Coordinating Real-Time and Batch Processing

The results served on the web interface are always up to date with the latest messages coming into the system and this is achieved by combining the results from batch and real-time layer. Illustrating how the real-time and batch results are used is most easily done with an example.

In the diagrams below, there are three database tables: one that stores the result of the batch processing, one that stores only the trades made since the last batch processing run was finished, and one that stores the correct up to date values, which is the highlighted table.

By using a separate database table to record only deltas, and having the full counts replaced by the results of the batch processing, any incorrect results caused by software, hardware or network problems will be resolved after a successful run of the batch processing, ensuring accurate results after each run.

In this example, assume that before a round of batch processing starts at time t0, a user makes a trade that results in him having 5000 shares of 3M

And at t0, batch processing begins. When this finishes, the result will reflect the totals as oft0. The real-time table, Real Time 1, with the up to date values also correctly shows the current value of 5000.

During the batch processing, the user sells 1000 shares of 3M. The Real Time 1 table will correctly update itself to hold 4000 shares, while the Real Time 2 table stores -1000, the delta from t0, as shown below.

When the batch processing finishes, these are the values in the database tables: 5000, 4000, -1000.

At this time, I swap my active database table to Real Time 2, and sum the batch result with the delta to get a consistent, up-to-date count. I then reset table Real Time 1 to 0 so it can start recording deltas from t1.

And the the next round begins with table Real Time 2 storing the consistent up-to-date values.

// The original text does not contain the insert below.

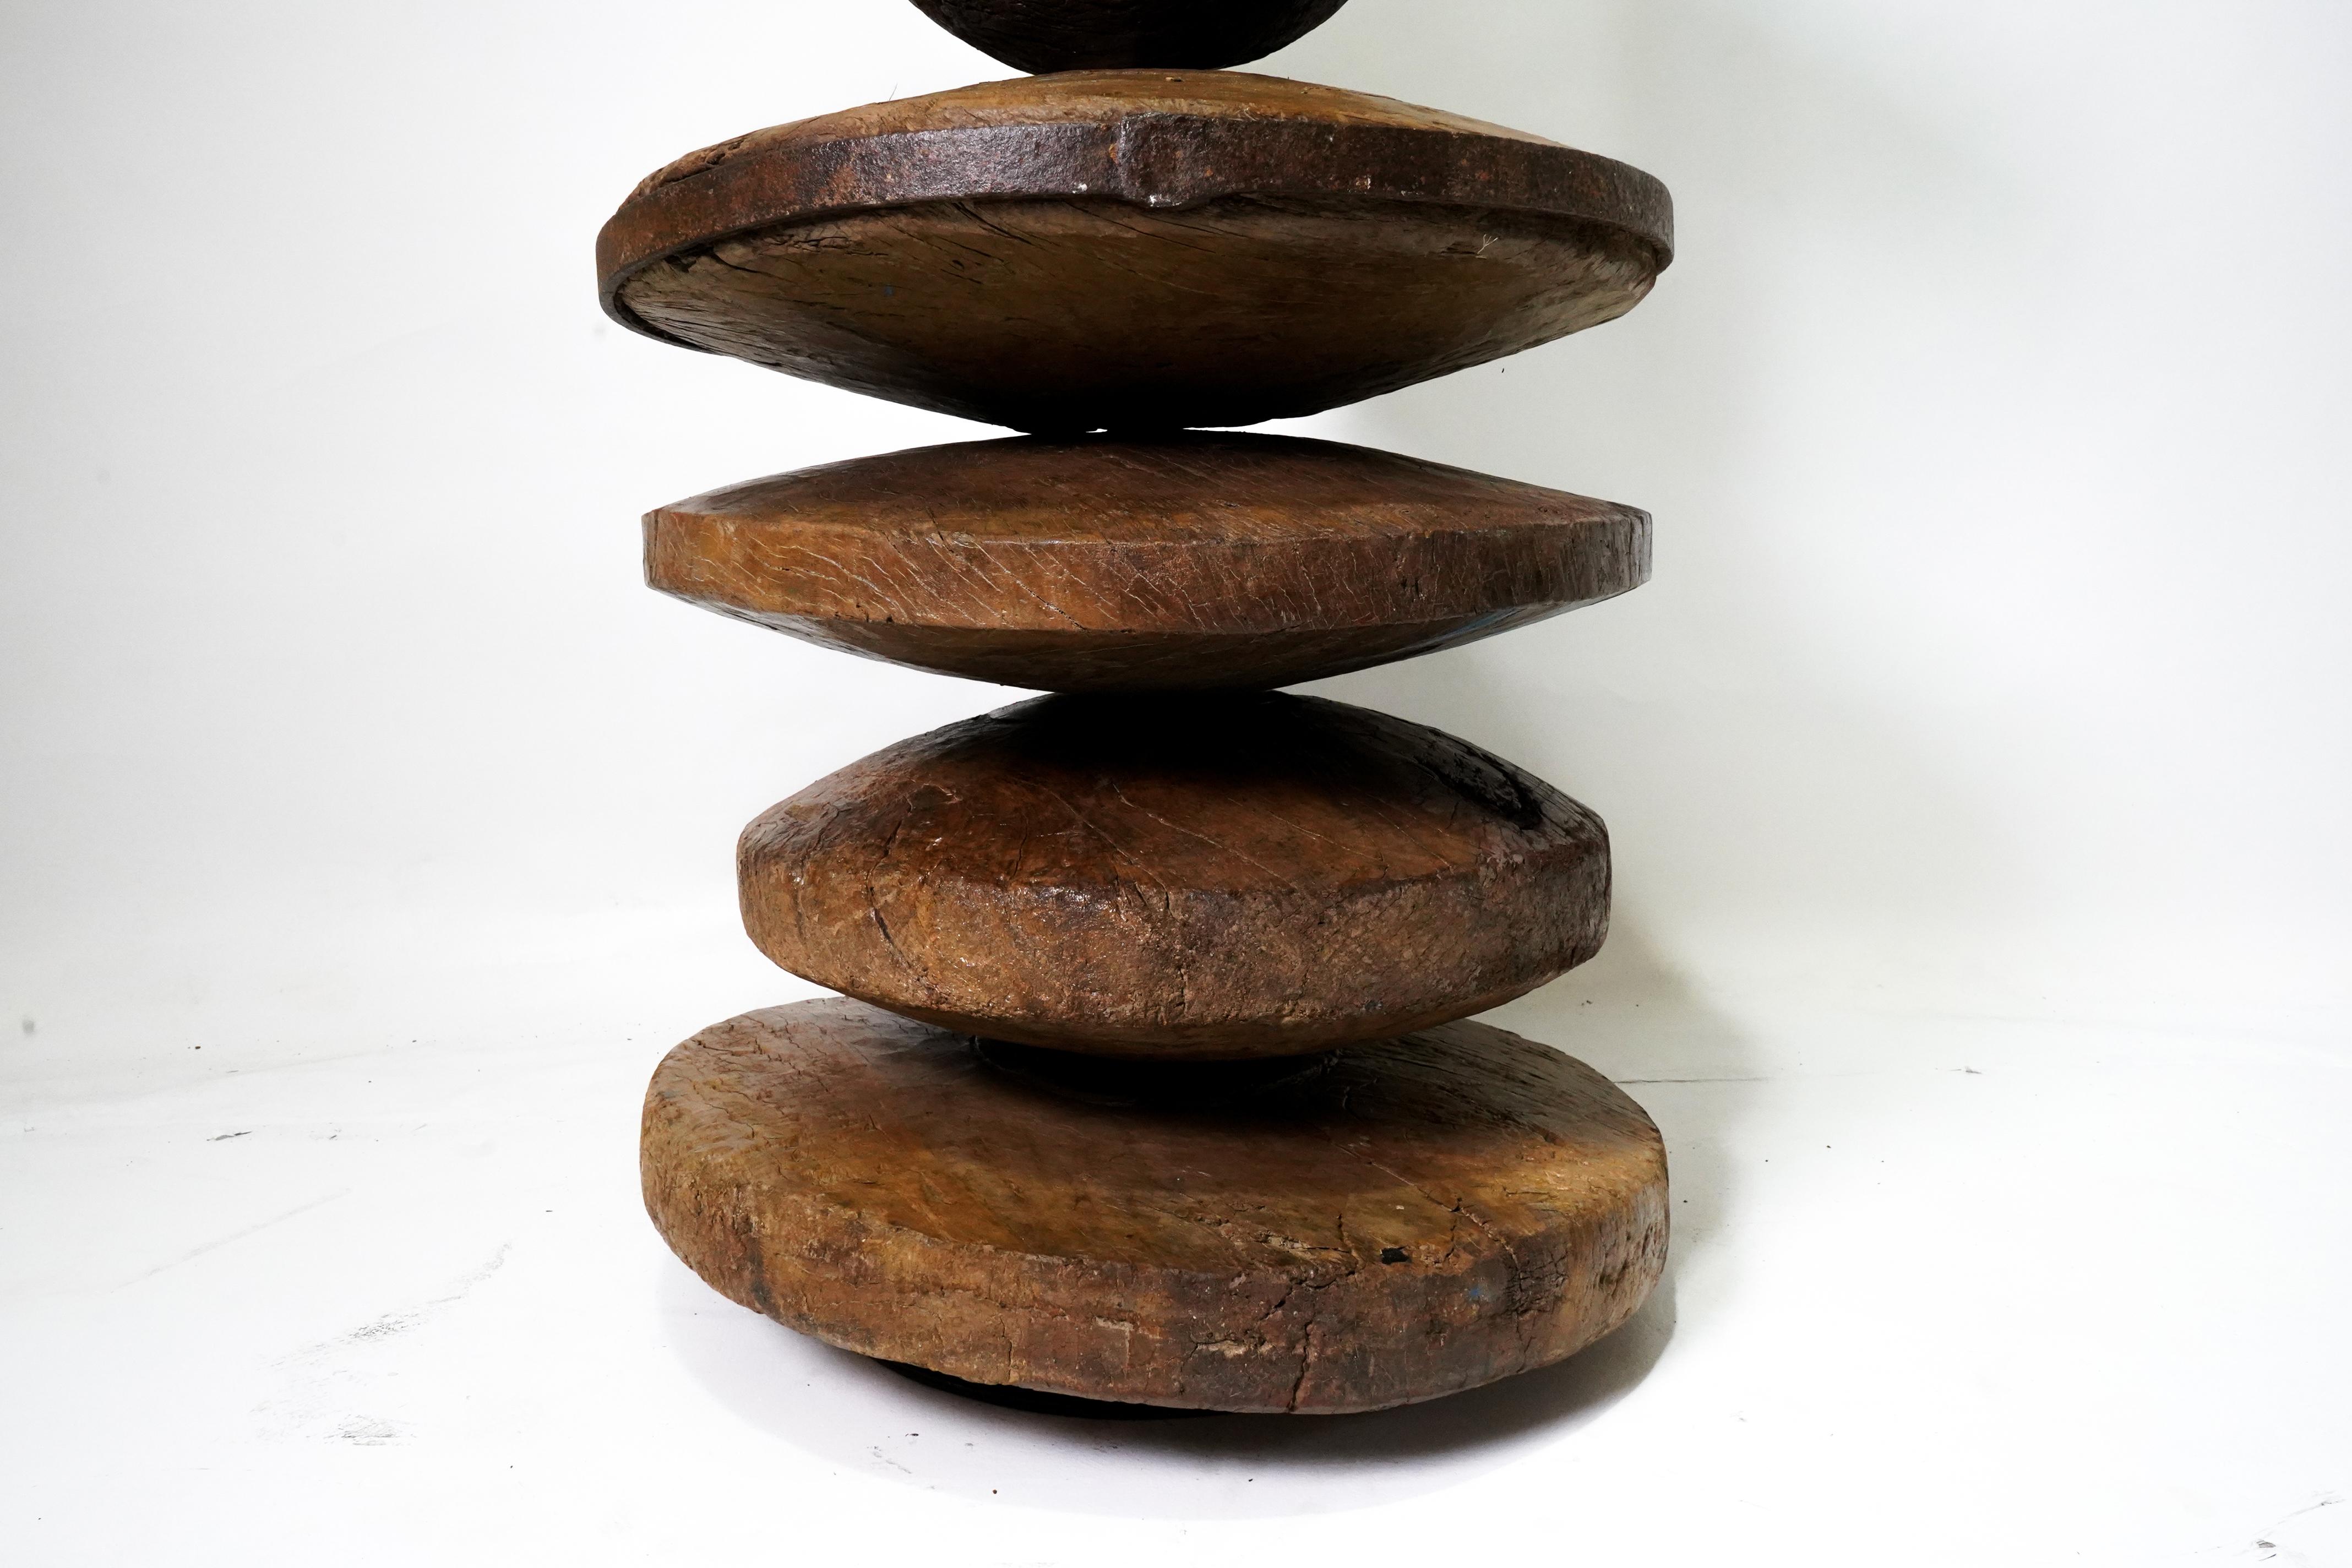 Monumental Modern Sculpture Assembled From Ancient Wooden Wheels and Pulleys 3
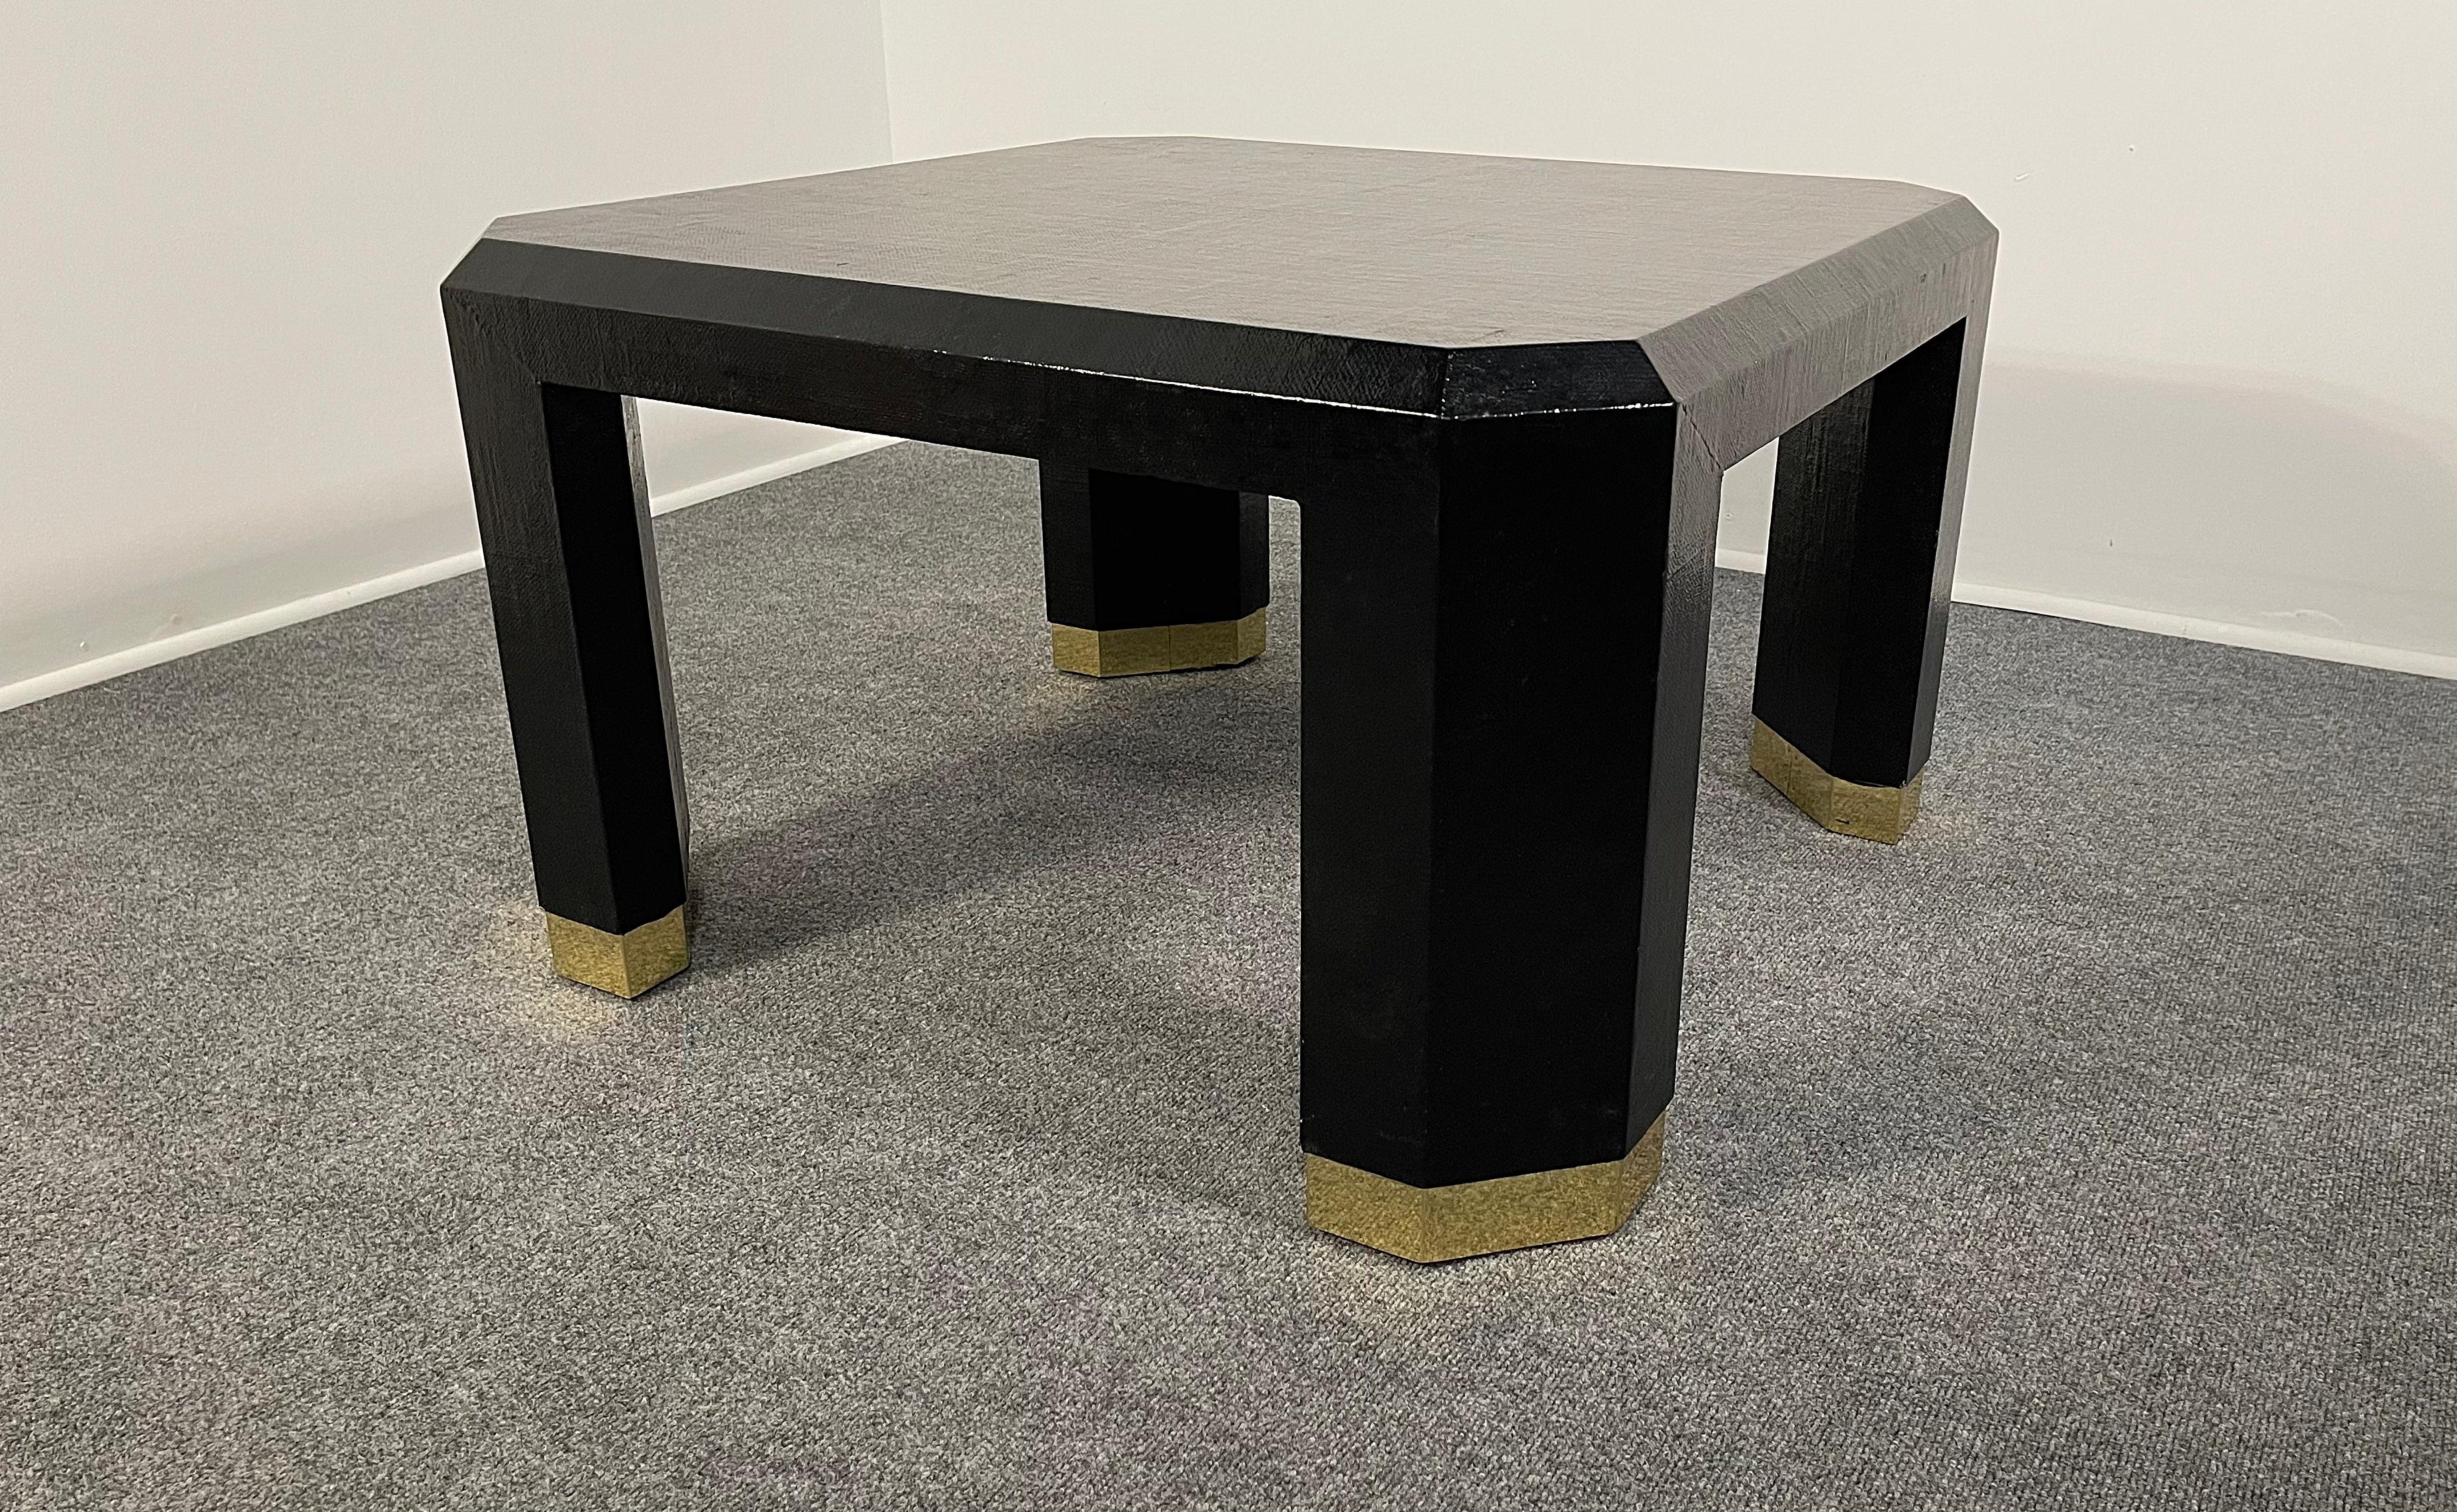 Each table overall covered in black Lacquer

Correctness of the data being displayed to the user requires that each of the above steps are performed only after the previous step has been fully completed, and the results have been written out. Rather than scheduling these steps based on time of day, scheduling them sequentially allows for scalability as processing time increases with dataset size. Workflows in a system like this can become very complex as when more features are added, the various jobs scheduled have dependencies and use shared resources in a production system. Hence, platforms which can programmatically schedule and monitor workflows are used to manage these systems. In this project, I used Airflow — a scheduling and monitoring platform by Airbnb, which models the sequence of tasks and upstream dependencies as a directed acyclic graph. Airflow is a Python implementation that can model individual jobs as Bash operators. This makes Airflow simple to use, since anything that can be called by Bash can be called directly by Airflow. The programmatic interface is less verbose than XML configuration based tools such as Oozie, and the use of the Bash operator results in less coding than with a tool like Luigi, which models each job as a Python object. By wrapping each task as a Bash command, each step in the process of combining the real-time and batch results are performed only after the previous step exits successfully.

In summary, Lambda Architecture involves having both a batch layer and a real-time layer processing historical data and real-time updates respectively to get robust, real-time results on top of a horizontally scalable hardware platform where failures are expected. For Lambda Architecture to be a viable solution, the data processing in the two layers must be designed such that the results of the batch layer can be combined with the live data streams that were read into the real-time layer. For this project, a second database table holding only the sums for inputs, not yet read into the batch layer, allows for a simple sum to aggregate the batch and real-time counts. This is how I track real-time updates in a highly available, eventually consistent system using Lambda Architecture.